At around this point, Devin, a man who I clearly admired, began discussing with me the possibility of co-curating a monthly arts and music showcase; something that at the time seemed completely out of my capacity. after a few months of discussion, we launched the Slender Means Society, a commitment that would come to mold much of what became my current place in life. Though Devin's presence began to dwindle as his commitments to music intensified, his initial support and vision made the series possible, and allowed me to gain the confidence in my capacity for creation.

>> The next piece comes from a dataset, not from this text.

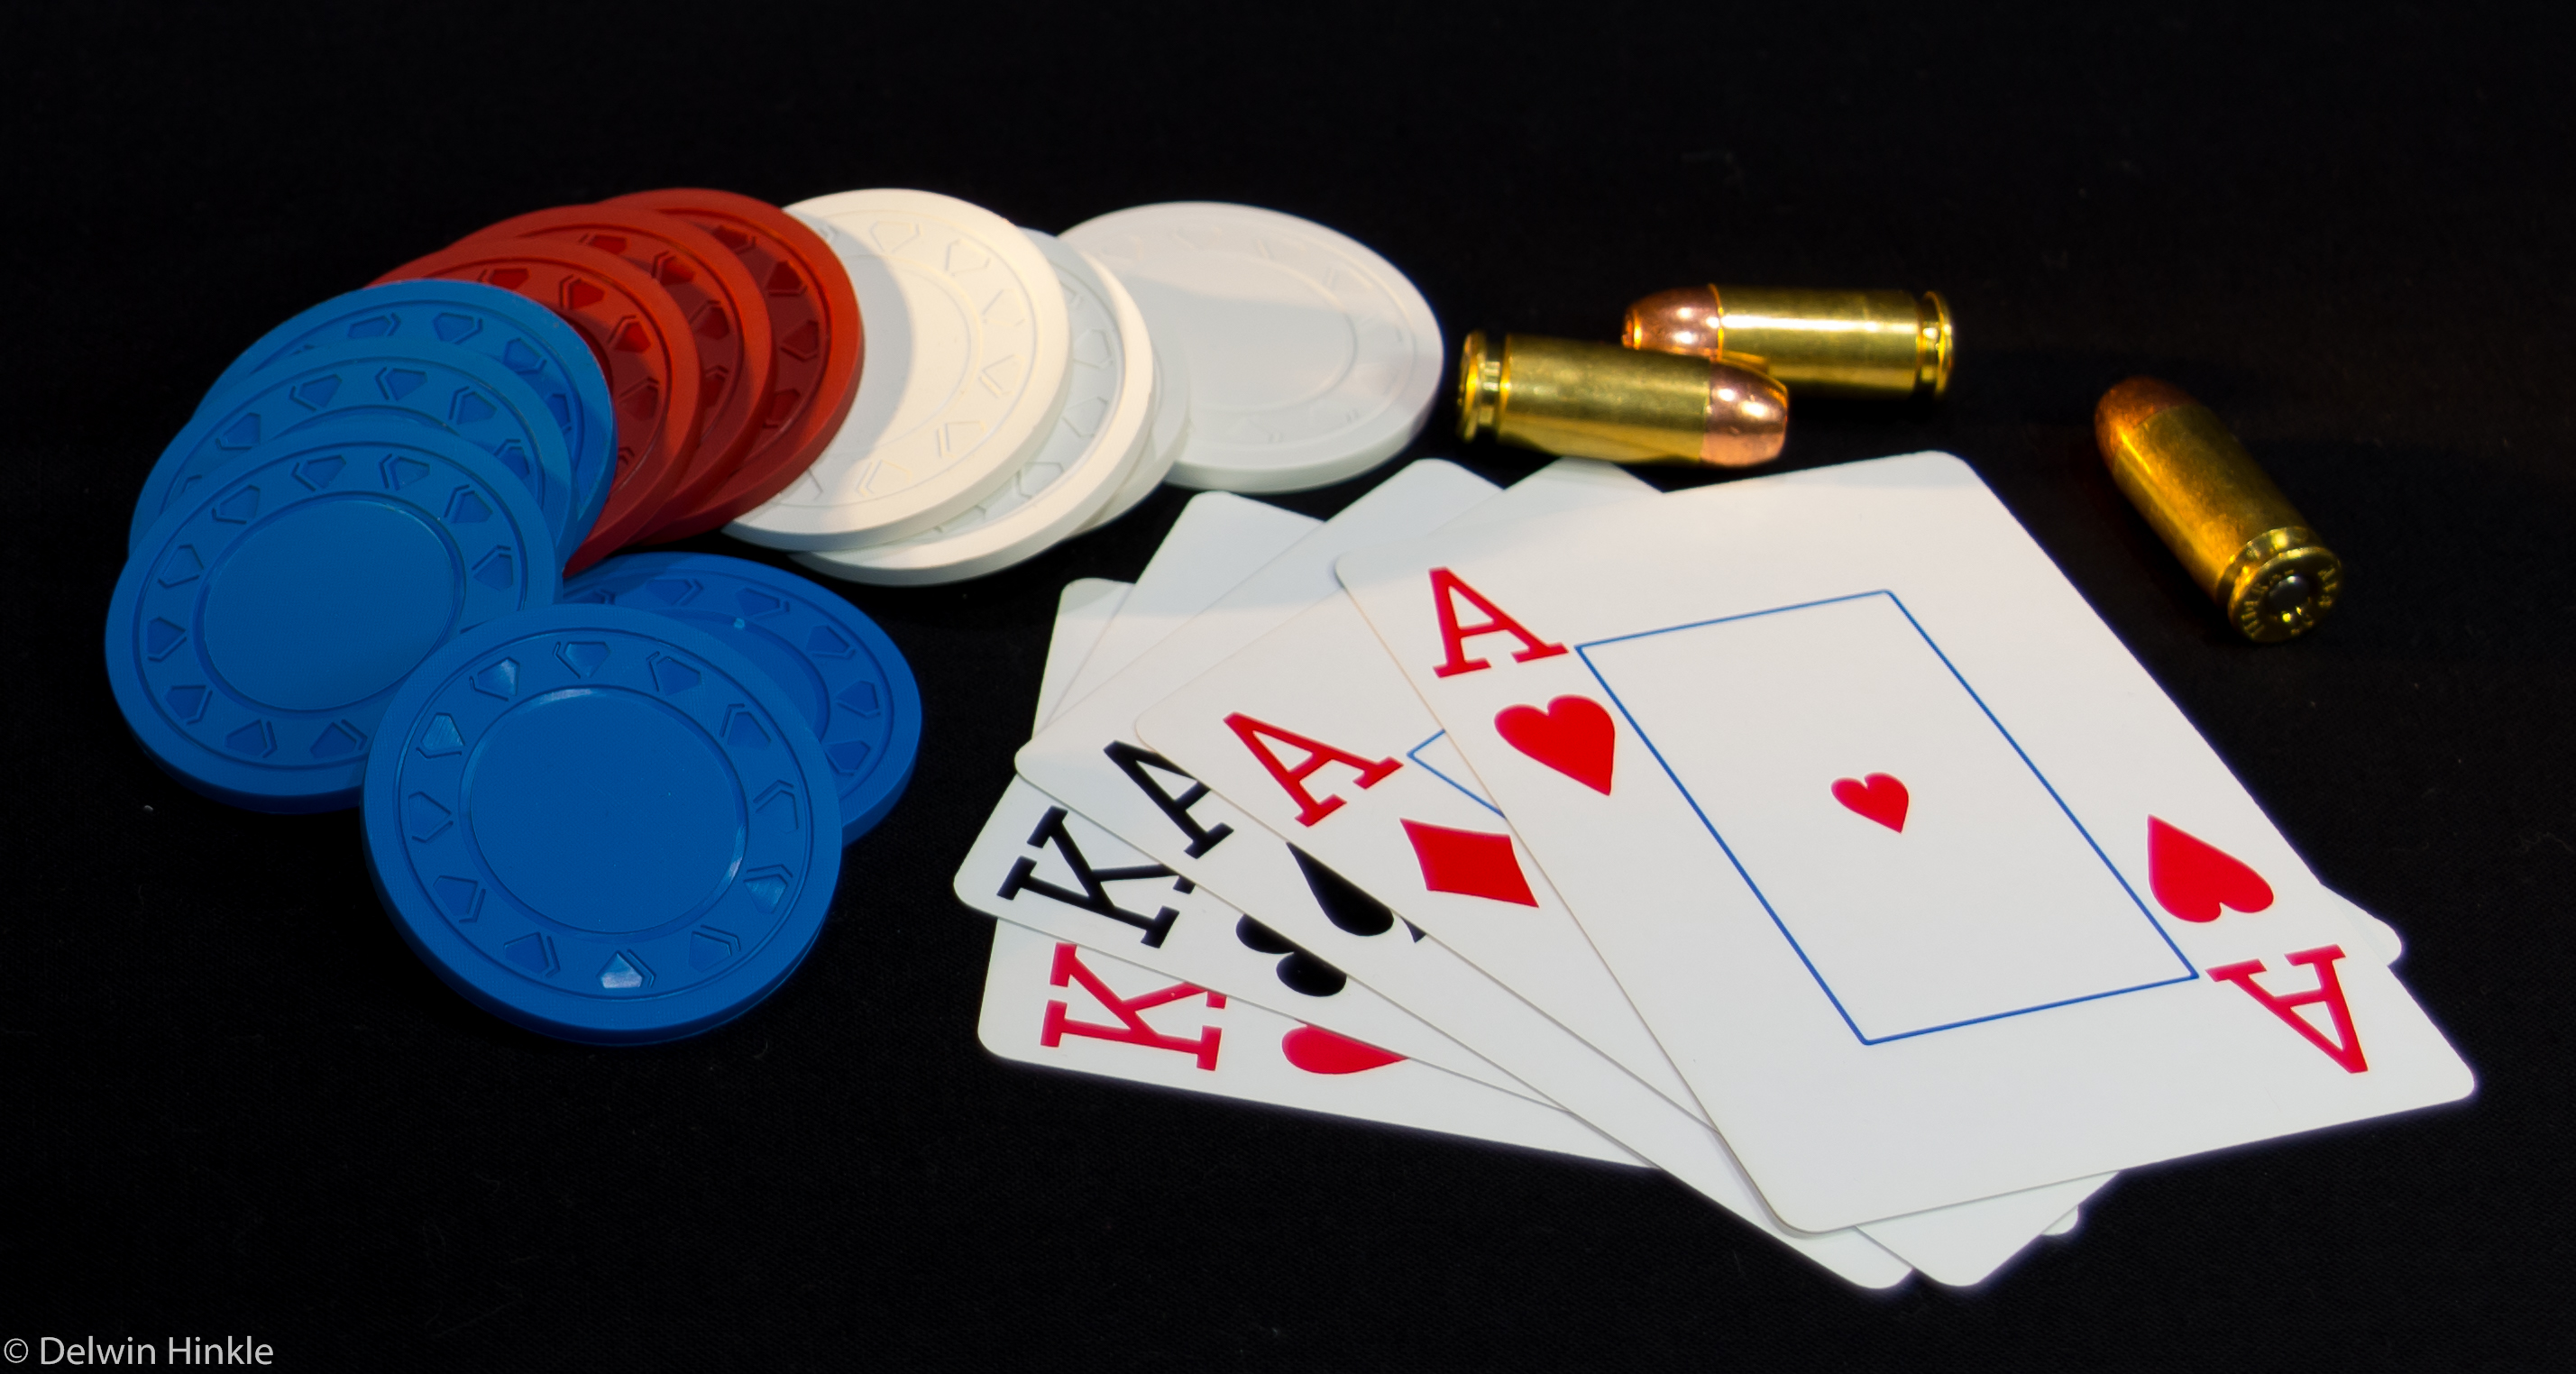 Personal defense is very similar to a poker game. You can win with luck alone, but having a plan and being prepared increases your odds significantly. Photo: author

Meanwhile, the remaining members of Soiled Doves--Adam Miller, Hannah Blillie (twin sister of Blood Brother Jordan), and Devin, reconvened with bassist Michelle Nolan to support Miller's then-side project, the Chromatics. Considerably more raw, a self-conscious reaction to their previously (self-)disappointing efforts, Chromatics were in no uncertain terms Adam's band... at least on the surface. For all of Adam's awkward Mark E. Smith-isms and desperately alienating stage persona, Chromatics once again relied for the most part (not to undermine Hannah's talents as a percussionist) on Devin's brilliance as a guitarist--spare, precise, and delicate. Chromatics' fate lay largely in the hands of a frontman's ego, however, and after a tour with the Gossip, a couple of singles, and a brilliantly inconsistent full-length (GSL's Chrome Rats Vs. Basement Ruts), Miller split briefly for Minnesota, and returned to Seattle with the decision that Chromatics would carry on without the other members. Shit-can #3.
After about of half-year of silently regrouping, the remaining members of Chromatics and friend Chris Pugmire debuted their new band; one that seemed much more in celebratory of their mutual strengths and convictions. The band is a chorus of intergendered vocals, erratic, extemporaneous distortions, and throbbing, urgent rhythm. To say that Shoplifting are a progression from their previous projects undermines the true artistic leap represented in their still unripened seed--it's as if the past has been soaked in acetone, melting away all of the pomp and artifice, leaving in its place a seething, pulsing open wound. In place of sonic comparisons, it's best to enter their fray in terms of ideology, as their urgency screams (and screams, and screams) the strains of Huggy Bear's politics of personal aesthetic. Though perhaps a little weighed down in performance by their particularly narrow agendas (rock not rape, dude), the band's careful potential seems to trump that of all of their previous efforts. Shoplifting has taken the past year very slowly, self-releasing a cassette, with plans for a Kill Rock Stars release in the near future. With Devin's dumb luck let's hope they can hold it together, word is they've already whittled down to a three-piece... bad sign, and have their chance to shine as The Greatest Band of All Time.
For better or worse, you've helped to make me what I am today, Devin. and I thank you for that.

I vividly remember the Chrismas when DPW recieved his cherry red fender stratocaster from Santa. Knowing Devin has changed my life and my brother's life as well. He was one of the greats back in the 80's and I am sure he still is.